# Is a tcr elite a race bike?



## heymikeyo (Mar 8, 2004)

I'm thinking of buying a 2003 tcr elite. none of the reveiws talk about it being a race bike.  any help would be appreciated.


----------



## RemingtonShowdown (Feb 4, 2004)

Why not find out from some owners...

http://www.roadbikereview.com/2003,Road,Bike/Giant Bicycle Inc.,TCR,Elite,0/PRD_138783_4338crx.aspx

http://www.roadbikereview.com/2003,Road,Bike/Giant Bicycle Inc.,TCR,Elite,1/PRD_138781_4338crx.aspx

I think you could most definetly race on this bike.


----------



## TypeOne (Dec 28, 2001)

*So what did you decide*

Need closure here, Mikeyo!
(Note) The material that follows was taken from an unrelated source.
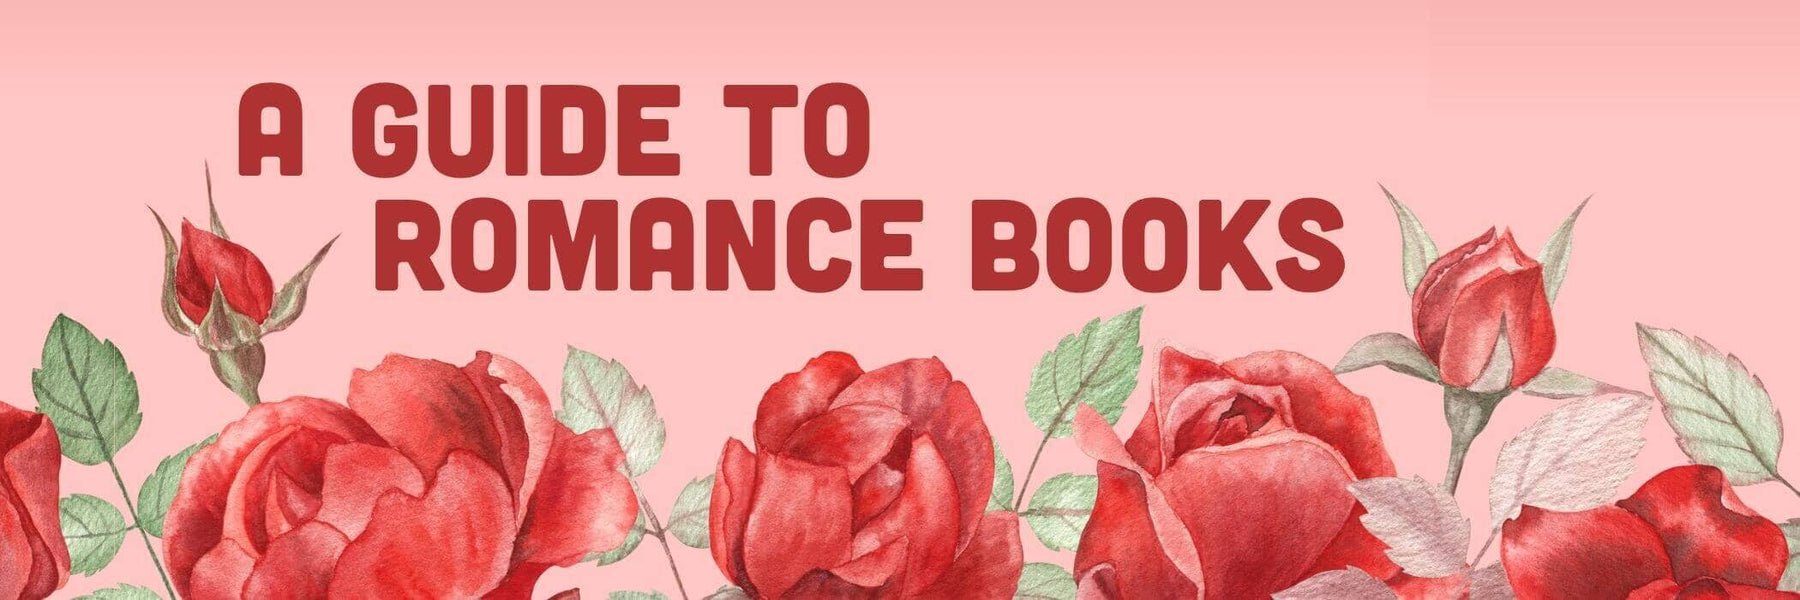 Books2Door's Beginner's Guide to the Romance Genre: Where to Start

As you can tell from the thread above, I am stuck between this bike and the TCR1 composite as well. How did you decide?


----------



## heymikeyo (Mar 8, 2004)

TypeOne said:


> Need closure here, Mikeyo! As you can tell from the thread above, I am stuck between this bike and the TCR1 composite as well. How did you decide?


I went with the tcr hybrid. which is the same front end as tcr al bike and a rear end of the composite. Its an awesome bike. you cant go wrong with any tcr.


----------